Given these implications and a weaker political hand, the Anwar administration faces two Herculean tasks in resolving the Petronas-Petros dispute and broader federal-state tensions.

First, Anwar must strengthen its political capital by improving the federal-state balance of power.

The Malay vote is unlikely to consolidate in Anwar’s favour in the short term. Anwar could broker a deal with the opposition Perikatan Nasional (PN) to address this, but this depends on the palatability of PN’s demands.

One advantage, however, may be that whereas Anwar’s coalition can still partner with PN to some extent, GPS’ largely Christian support base constrains the party from becoming entangled with Parti Islam SeMalaysia (PAS). Thus, GPS cannot push Putrajaya too much and too fast despite its kingmaker status.

Political capital is essential for a win-win situation in this dispute. A true balance of power, for example, with a stronger federal bloc less acutely dependent on GPS, would mean neither Putrajaya nor states dominate O&G negotiations — or broader federal-state relations in general.

A more sustainable federation requires checks and balances on all sides, so East Malaysia can redress its grievances, and power imbalance-related injustice can be more likely avoided for all parties — be it Putrajaya, Kuching, or Kota Kinabalu. It also ensures Petronas’ business continuity across Malaysia.

Second, increase and share revenue with states.

Boosting revenue could strengthen political capital by enabling Putrajaya to better tackle state grievances. Anwar’s economic reforms should be accelerated.

But there is also a need to share the pie, as federal-state tensions — including with Sarawak — partly stem from Putrajaya’s constitutional chokehold over revenue sources.

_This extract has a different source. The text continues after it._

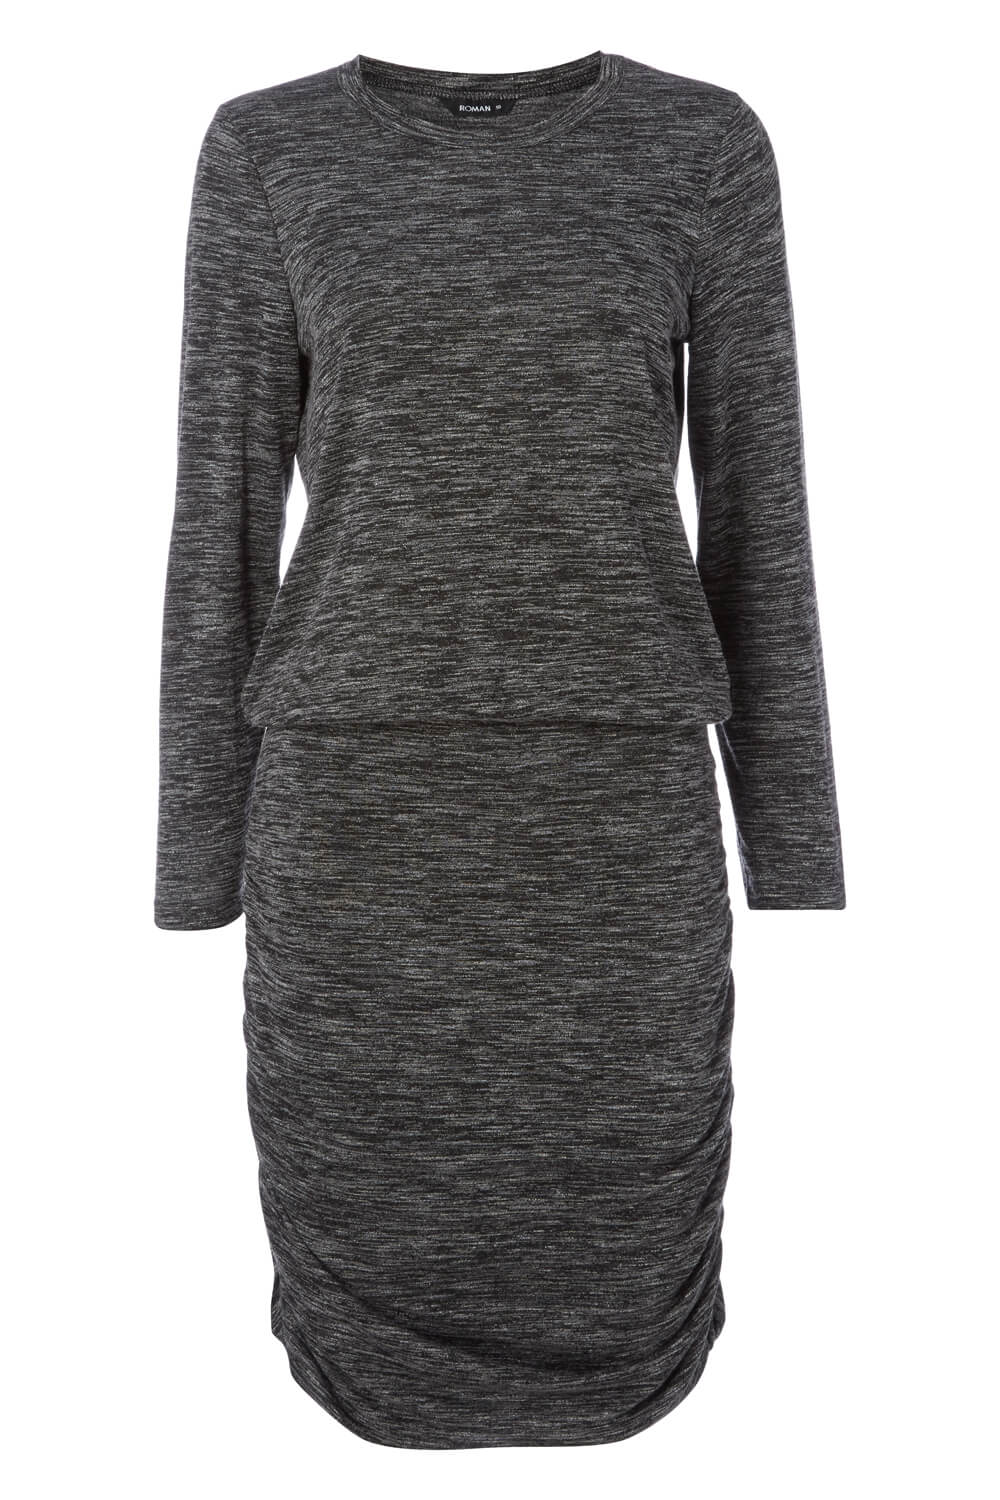 Mottled Grey Ruched Long Sleeves Dress, Image 4 of 4

Putrajaya currently enjoys ten times the revenue of Malaysia’s thirteen states. Sharing some consumption tax revenue with states in exchange for added responsibilities would offer states a more stable income than O&G, particularly as the world shifts toward net zero. This would simultaneously reduce political-economic pressure on Petronas and federal spending.

2024/358

Amalina Anuar is Senior Director at FMT Business, FMT Media’s strategy, intelligence and research arm, and a Visiting Fellow at ISEAS - Yusof Ishak Institute.